◆ Records to process:
┌──
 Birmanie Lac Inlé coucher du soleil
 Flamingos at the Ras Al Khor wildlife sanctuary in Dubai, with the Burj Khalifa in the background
└──
┌──
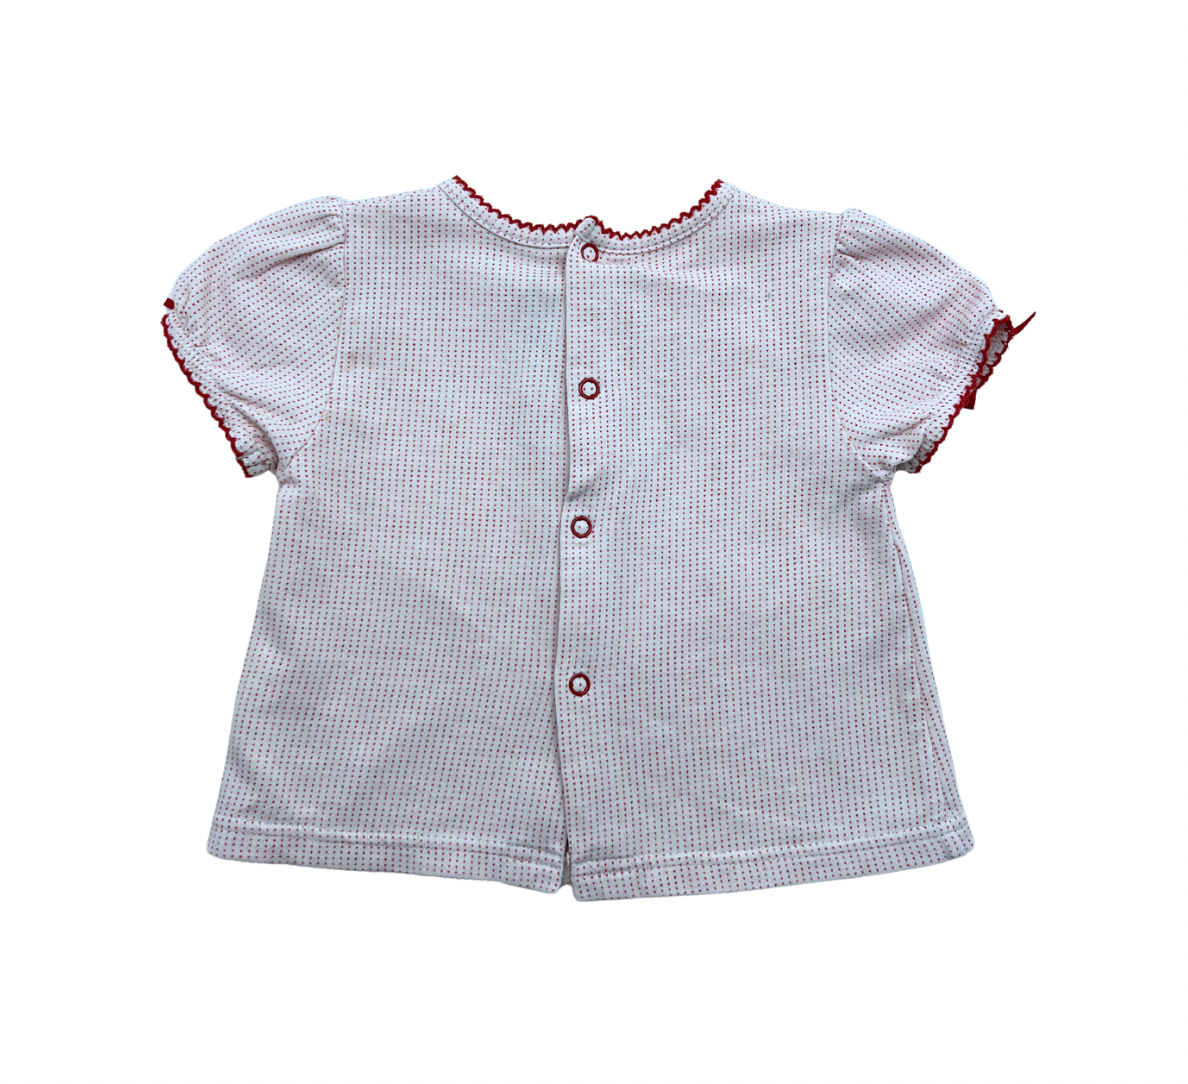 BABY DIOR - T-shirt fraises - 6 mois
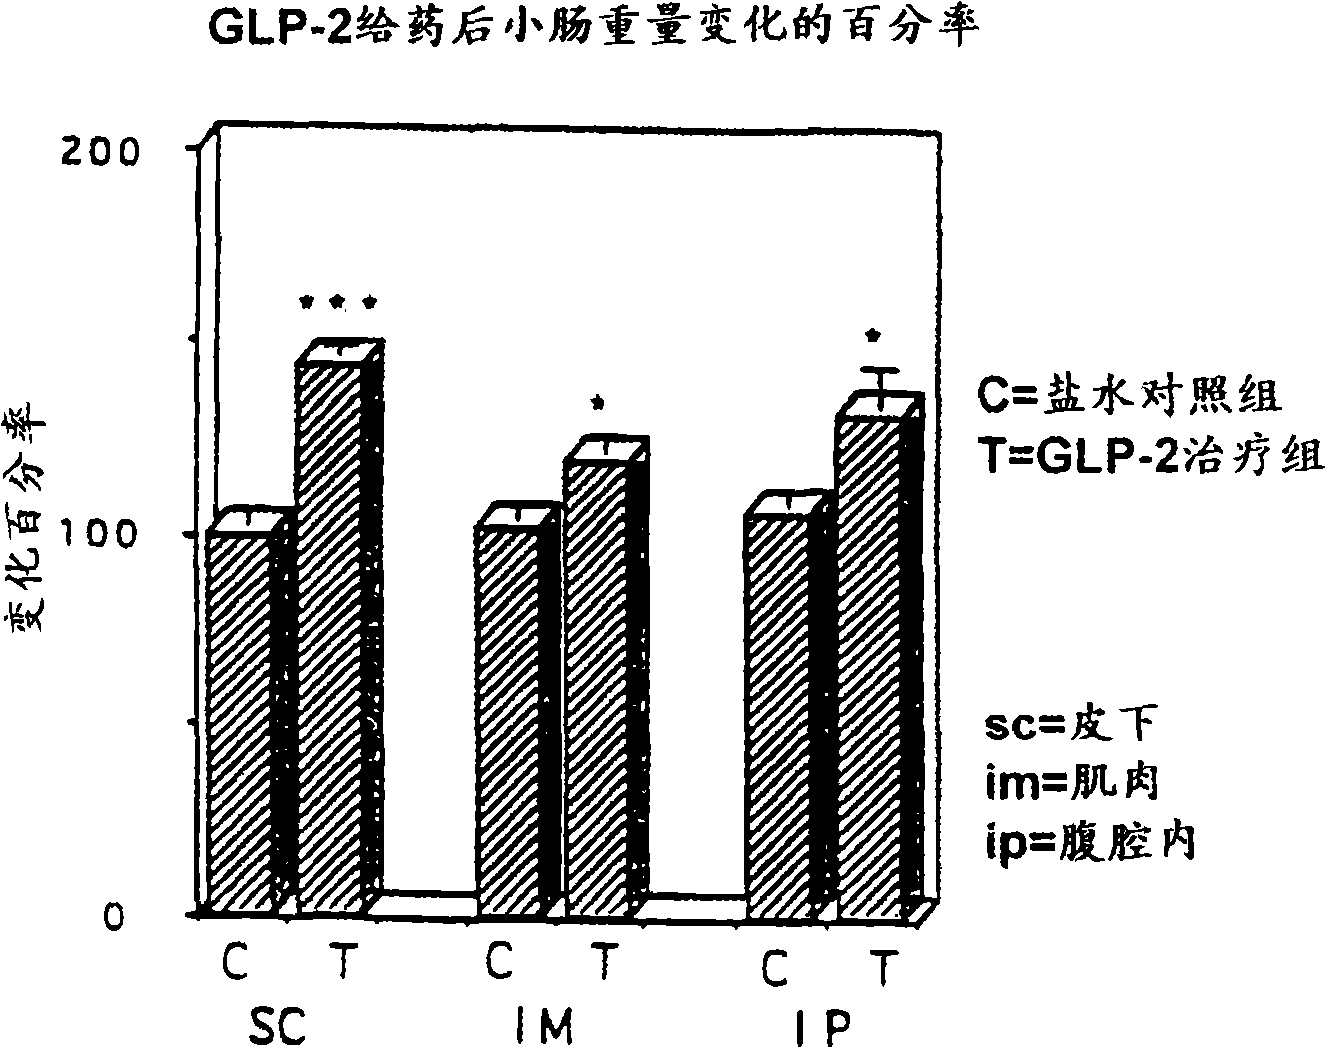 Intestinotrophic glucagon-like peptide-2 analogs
└──
◆ What this task involves:
Your answer should be the lines of the listing above between the line holding "Birmanie Lac Inlé coucher du soleil" and the line holding "Flamingos at the", inclusive, restated word for word and alone.

◆ Result of the exercise:
 Birmanie Lac Inlé coucher du soleil
 Flamingos at the Ras Al Khor wildlife sanctuary in Dubai, with the Burj Khalifa in the background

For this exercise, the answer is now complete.